Please write out the entire listing below exactly, excluding its pictures.

** Input data **
---------------

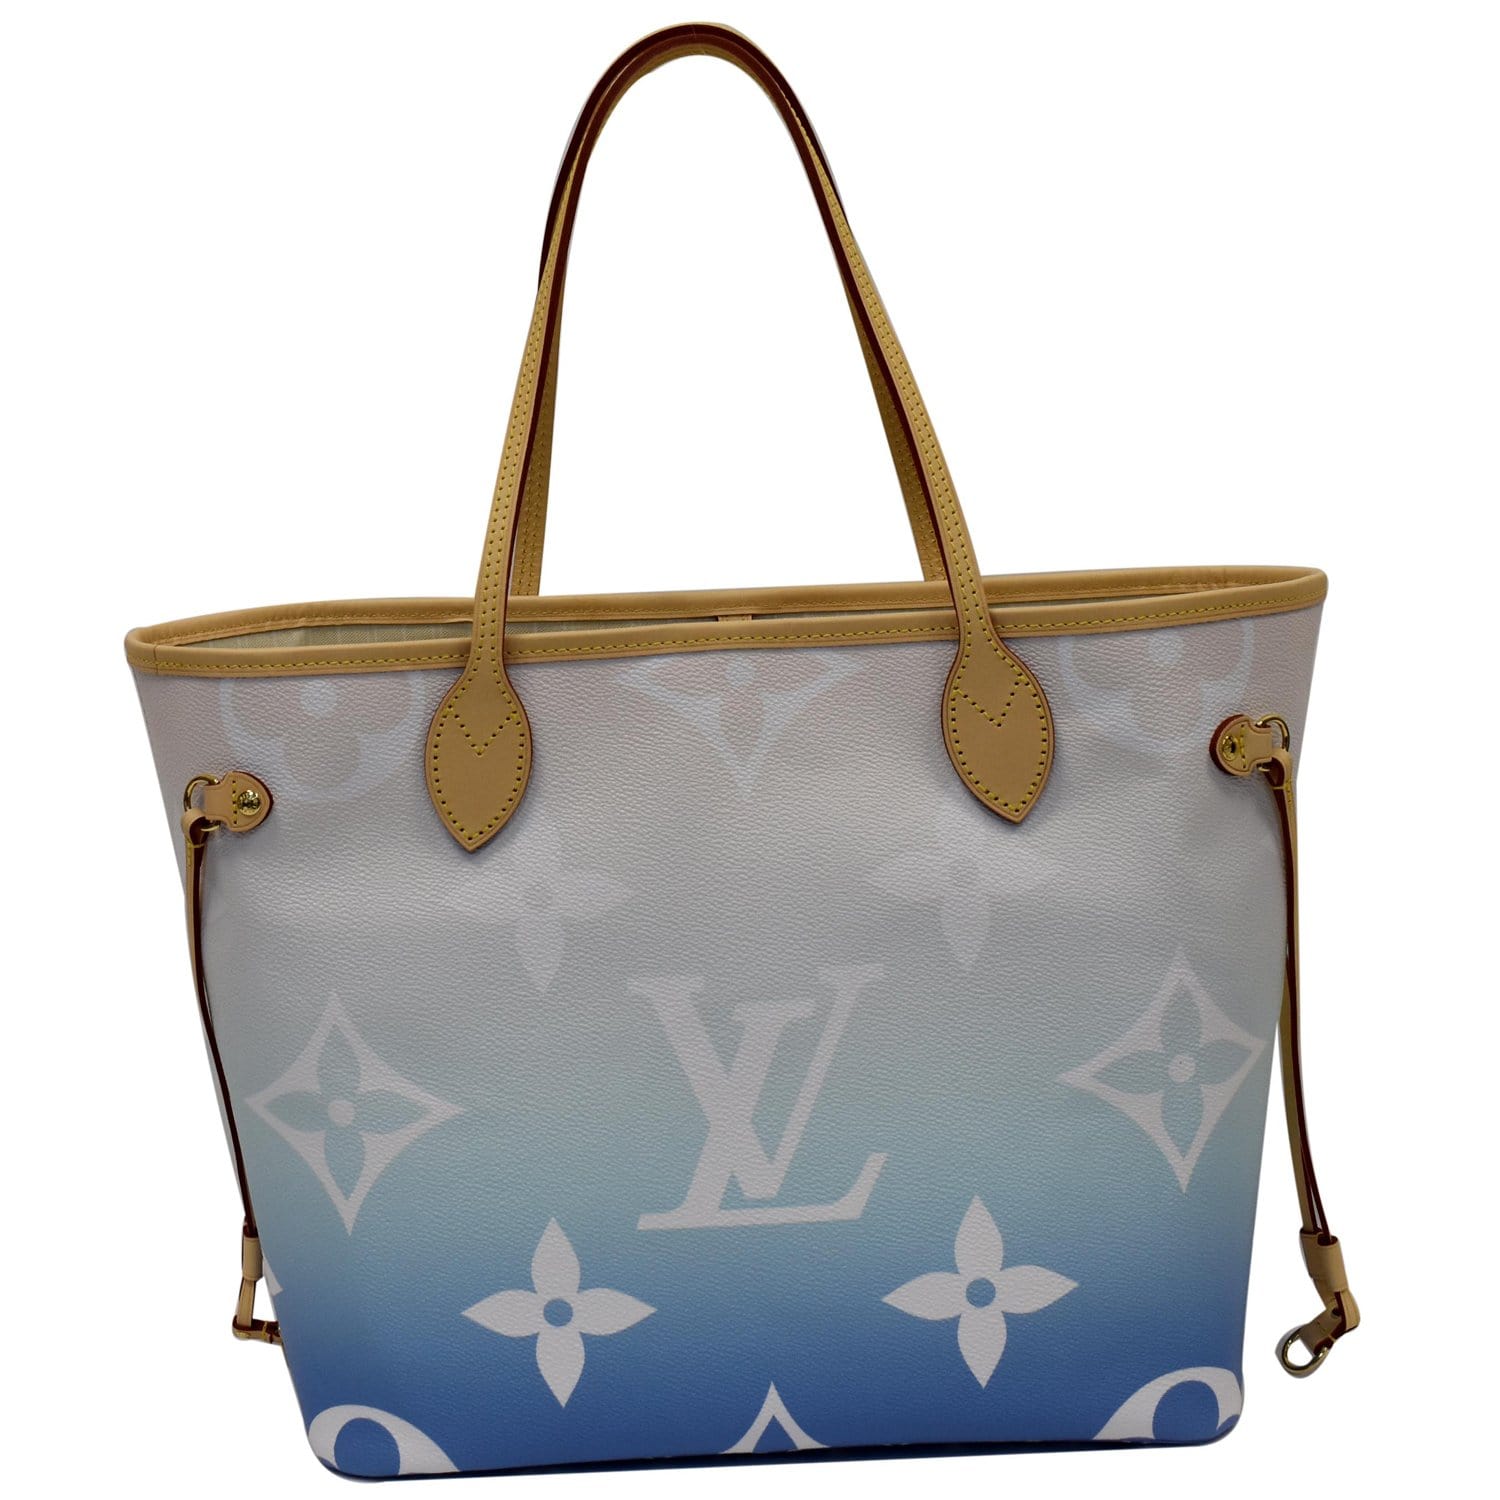 lv by the pool blue
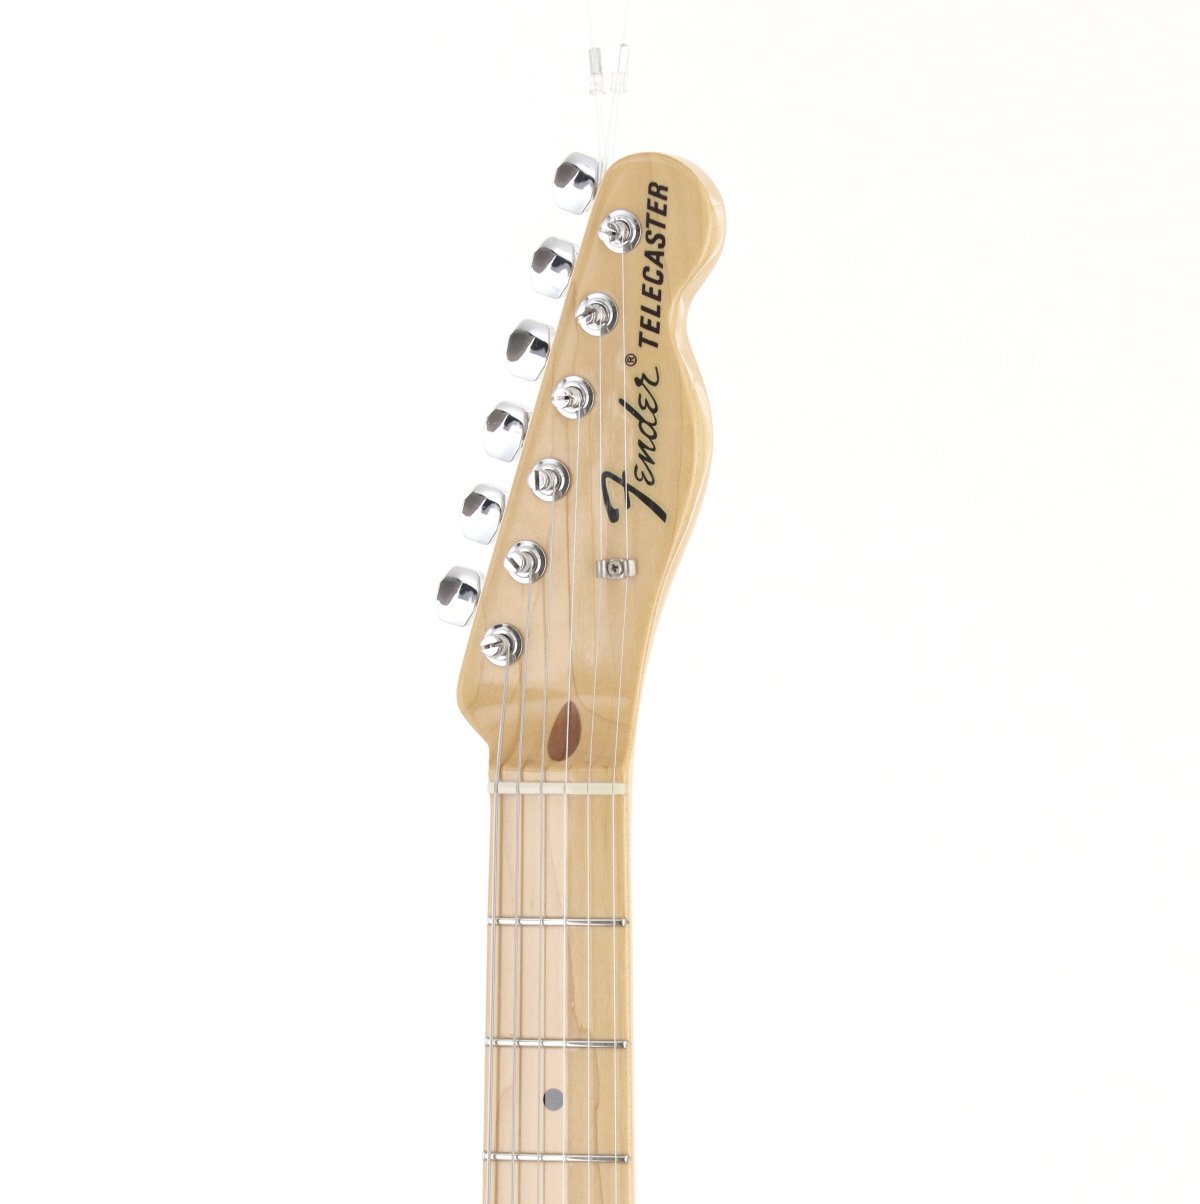 [SN MZ8267986] USED Fender Mexico / Classic Series 69 Telecaster Thinline Natural [03]
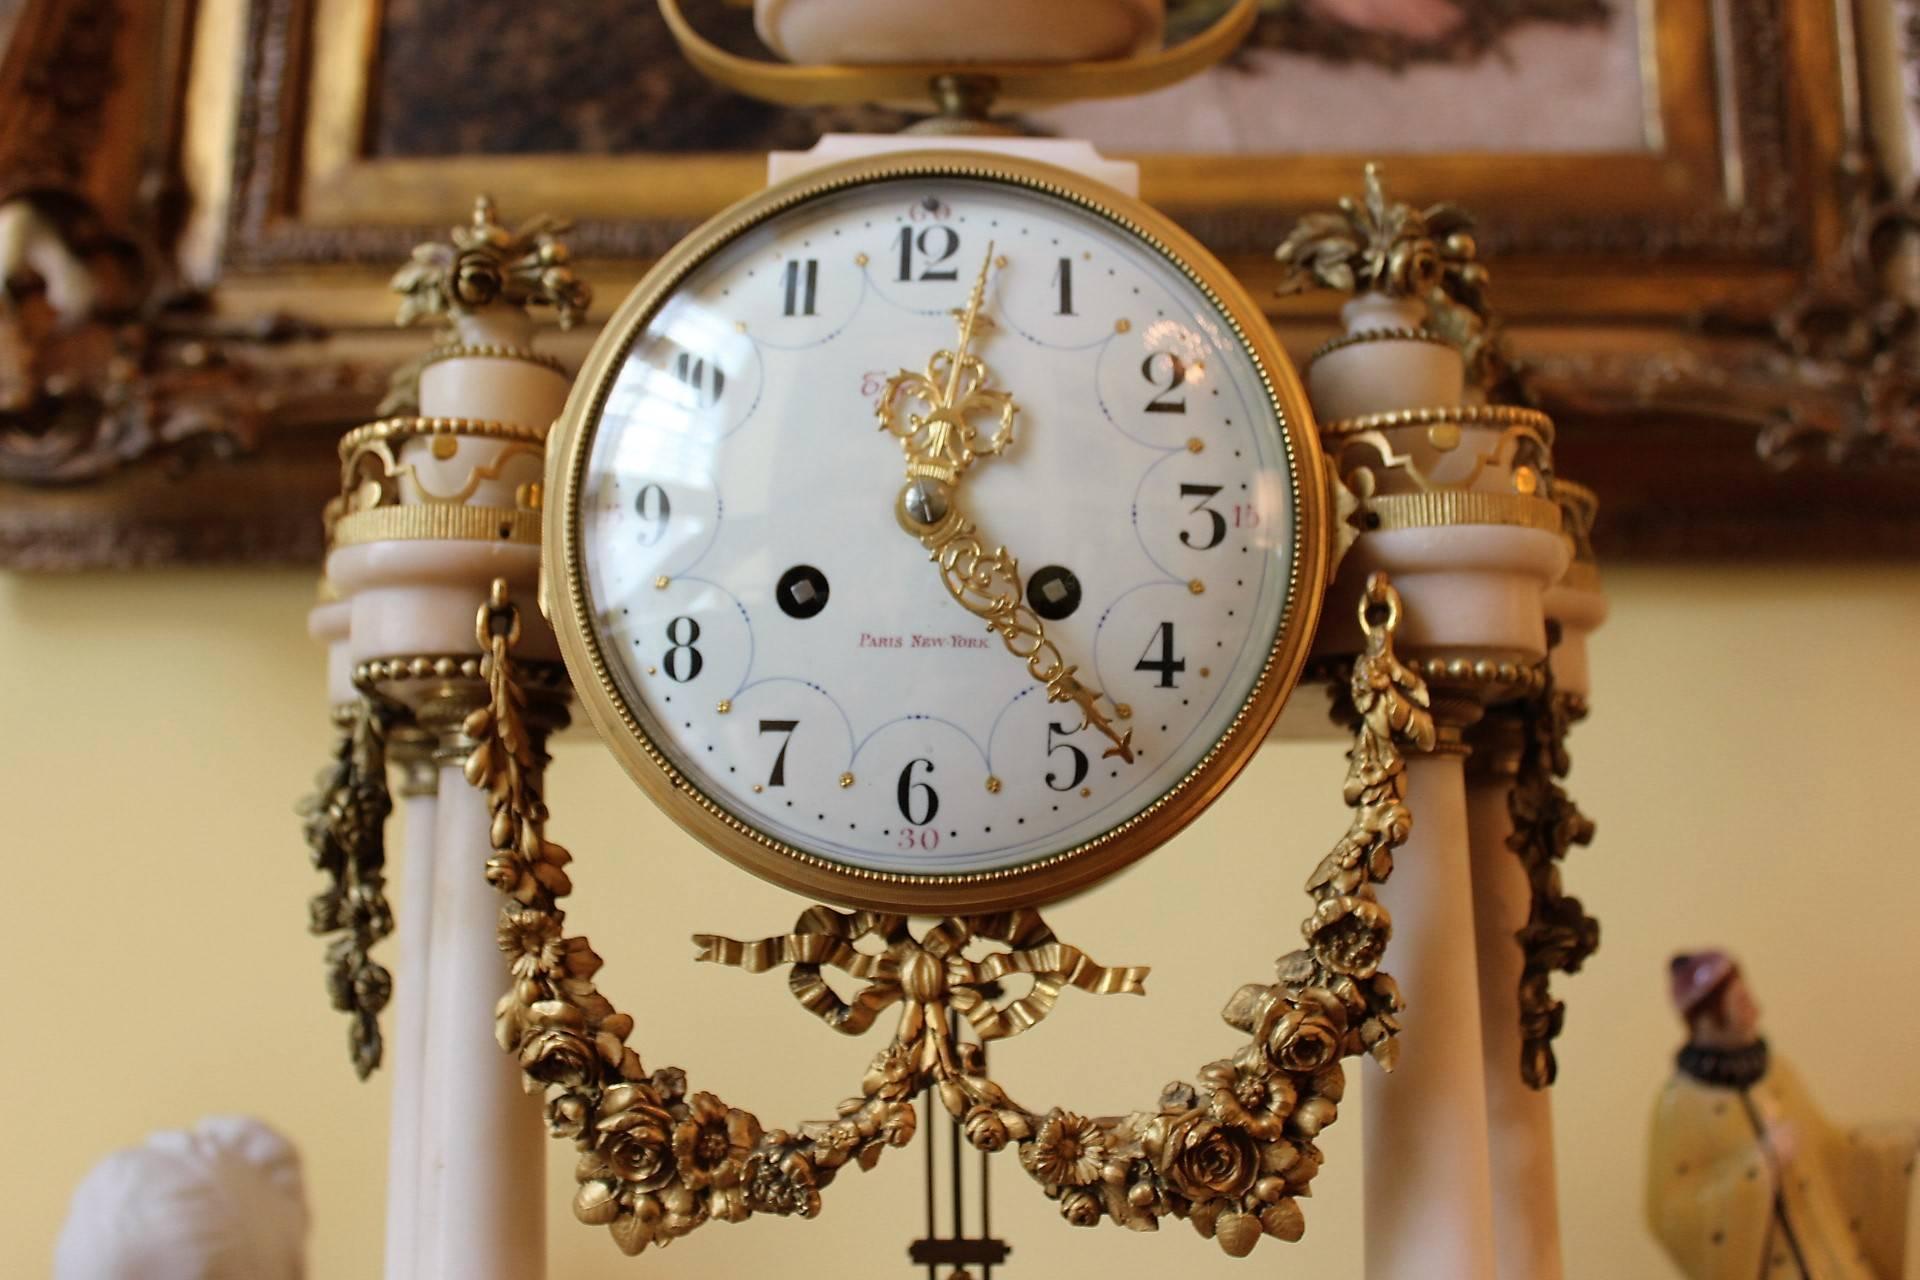 Stunning white marble and ormolu-mounted clock marked Tiffany on the hand-painted porcelain dial. Clock strikes on the hour and half hour. Louis XV Style case with French works, recently cleaned and serviced. All clocks might need adjustment after

---------------

** Answer section **
 lv by the pool blue
 [SN MZ8267986] USED Fender Mexico / Classic Series 69 Telecaster Thinline Natural [03]
 Stunning white marble and ormolu-mounted clock marked Tiffany on the hand-painted porcelain dial. Clock strikes on the hour and half hour. Louis XV Style case with French works, recently cleaned and serviced. All clocks might need adjustment after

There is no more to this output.